Wang and colleagues have shown that LRP-1 mediates tPA-induced matrix metalloproteinase (MMP)-9 expression in human cerebral microvascular endothelial cells, and inhibitors of the transcription factors AP-1 and NF-κB suppress tPA effect [68]. Up-regulated MMP-9 subsequently promotes neuron death by matrix degradation and disruption of neuron integrity [69,70]. In a middle cerebral artery occlusion (MCAO)-induced brain ischemic model, Yepes and others have demonstrated that induction of endogenous tPA or injection of exogenous tPA induces a rapid and dose-dependent increase in vascular permeability resulting in opening of blood-brain barrier (BBB). They further showed that LRP-1 mediates BBB opening, since both LRP-1 antagonist receptor-related protein (RAP) and its neutralizing antibody block the activity [38]. Later, Yepes group also found that MCAO-induced microglial activation, as demonstrated ameboid morphology and double immune staining of β-isolectin and F4/80, as well as inflammatory markers such as inducible nitric oxide synthase (iNOS), in the wild-type mice, is significantly decreased in tPA−/− and microglia-specific LRP-1 knockout (macLRP−/−). In addition, administration of exogenous tPA induces microglial activation in tPA−/− mice but not in the macLRP−/− mice, suggesting that LRP-1 mediates tPA-induced microglial activation and inflammatory response in the ischemic brain. Although the exact signaling mechanism remains unknown, they have shown that LRP-1 promotes NF-κB signaling in this model [37].
Alzheimer disease (AD) is characterized by amyloid-β (Aβ) deposition in brain parenchyma as senile plaques and in cerebrovasculature as cerebral amyloid angiopathy [71]. Qiu Z. and colleagues found an 85% increase of LRP1 in human AD brain frontal cortex with concomitant increase of its ligands apolipoprotein E (apoE) and α2-macroglobulin (α2M) [28]. In another immunohistological study, it has been shown that neuron expression of LRP-1 is up-regulated and co-localizes with Aβ within senile plagues of AD patients [29]. LRP-1 has been shown to not only interact with Aβ precursor protein (APP) and regulate APP processing into Aβ [72,73] but also mediate Aβ export across the BBB [74,75,76]. Therefore, impaired LRP-1 function is implicated in the pathogenesis of AD. This is confirmed by the finding reported by Dr. Bu group, which demonstrated, in a conditional LRP-1-deleted mouse model, that LRP-1 is a major Aβ clearance receptor in cerebral vascular smooth muscle cells (vSMCs), and its malfunction contributes to Aβ accumulation and the pathogenesis of Alzheimer disease [71].
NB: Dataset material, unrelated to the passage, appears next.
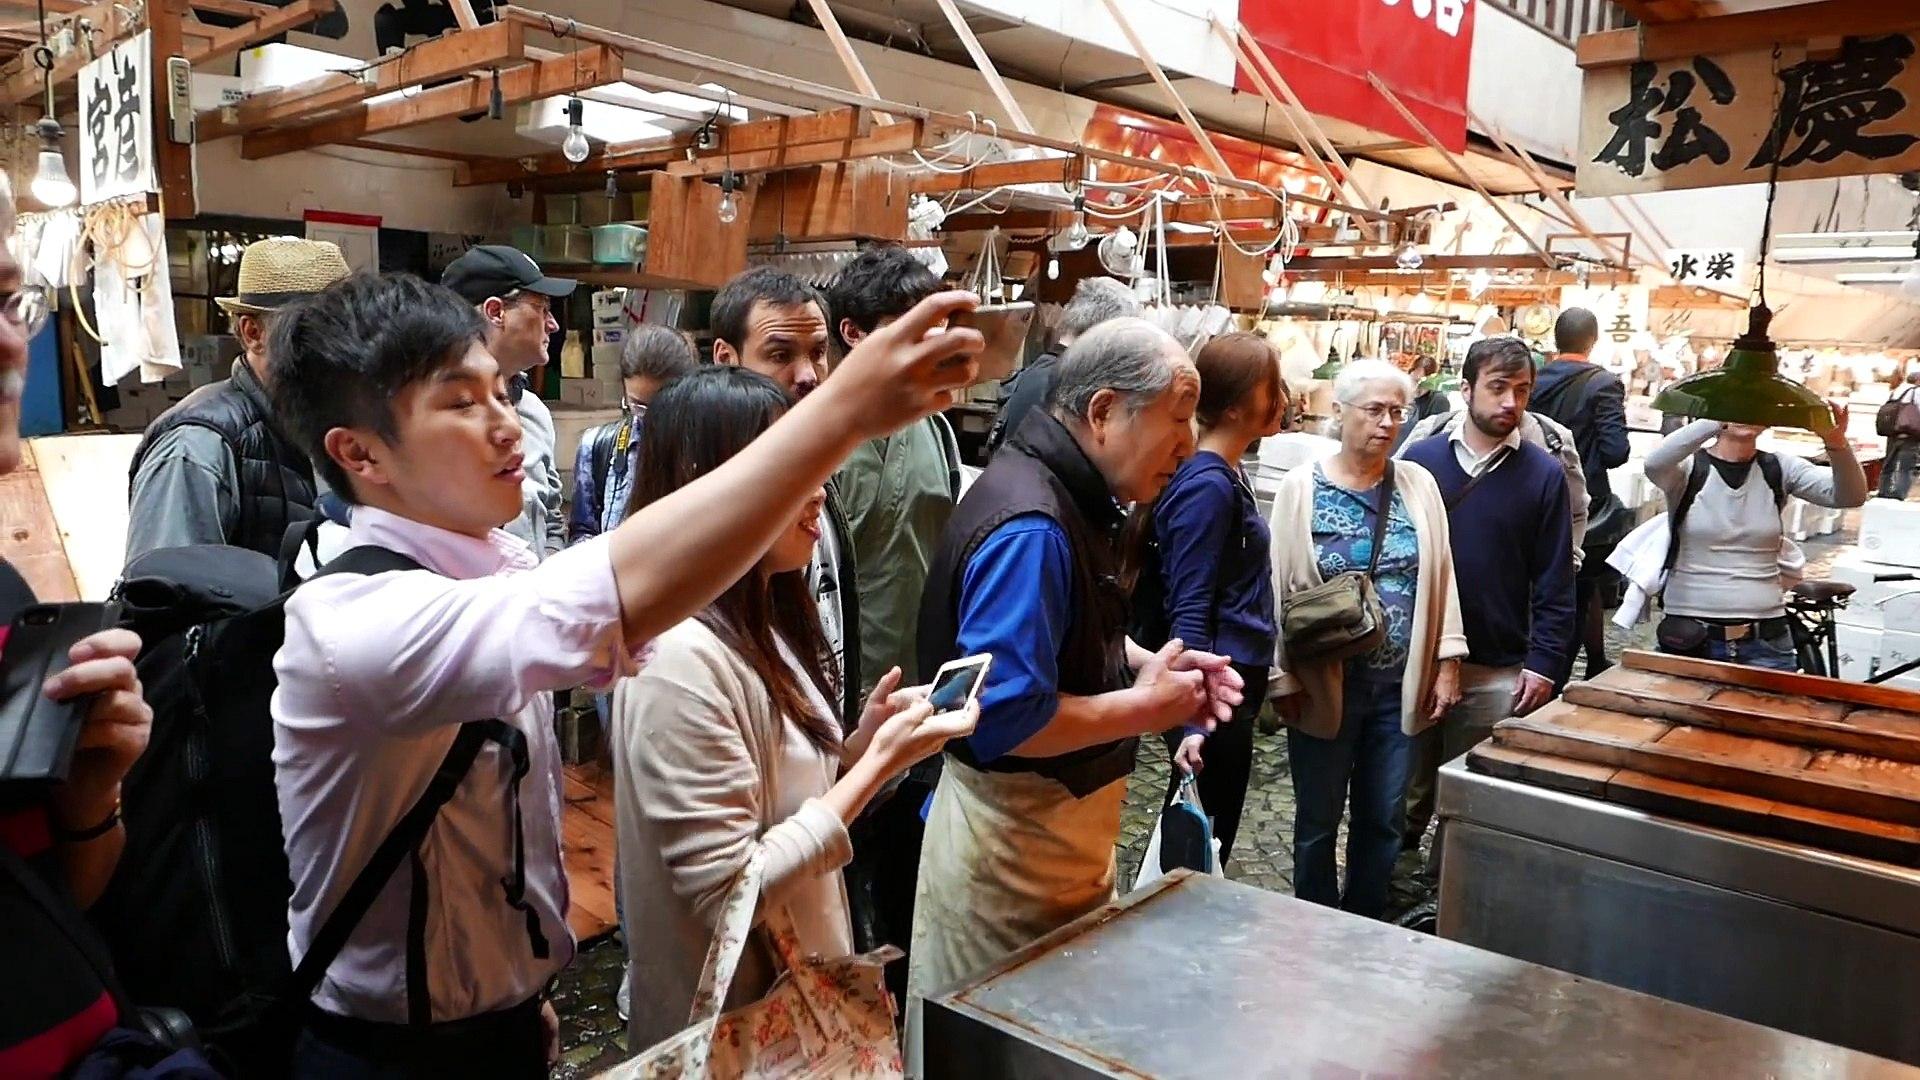 Japanese Street Food - GIANT SUNFISH Mola Mola Tokyo Japan

3.2. LRP-1 and Peripheral Nervous System

Emerging evidences showed that LRP-1 signaling also play a critical role in the regeneration of peripheral nervous system after injury. Schwann cells are the first responders to acute peripheral nerve injury [10]; their activation, proliferation and migration play an important role in establishing scaffolds for axonal regeneration [77]. In the injured peripheral nerve, LRP-1 is markedly induced in Schwann cells, and its signaling through Akt pathway promotes Schwann cell survival [78]. LRP-1 also has been shown to interact with different ligands and initiates unique signaling cascades to enhance Schwann cell migration: (1) LRP-1 interacts with MMP-9 via its hemopexin domain and promotes Schwann migration through a signal pathway involving Erk1/2 and Akt [79]; (2) LRP-1 interacts with tPA and α2M and initiates the activation of Rac1 to induce Schwann cells migration [22]. The pro-regenerative effect of LRP-1 signaling has also been confirmed in the Schwann cell-specific LRP-1 knockout mice, which showed exacerbated nerve injury accompanied by loss of motor and sensory function, resulting in the substantially attenuated regeneration after nerve injury [80].
In neurons, LRP-1 also acts as co-receptor of tropomyosin receptor kinase (Trk) receptor [23] or its NPxY motif interacts with adaptor protein postsynaptic density protein 95 (PSD95) to bridge the N-methyl-d-aspartate (NMDA) signaling [81,82] to mediate tPA-induced phosphorylation and activation of downstream Akt and Erk pathways, leading to neurite outgrowth.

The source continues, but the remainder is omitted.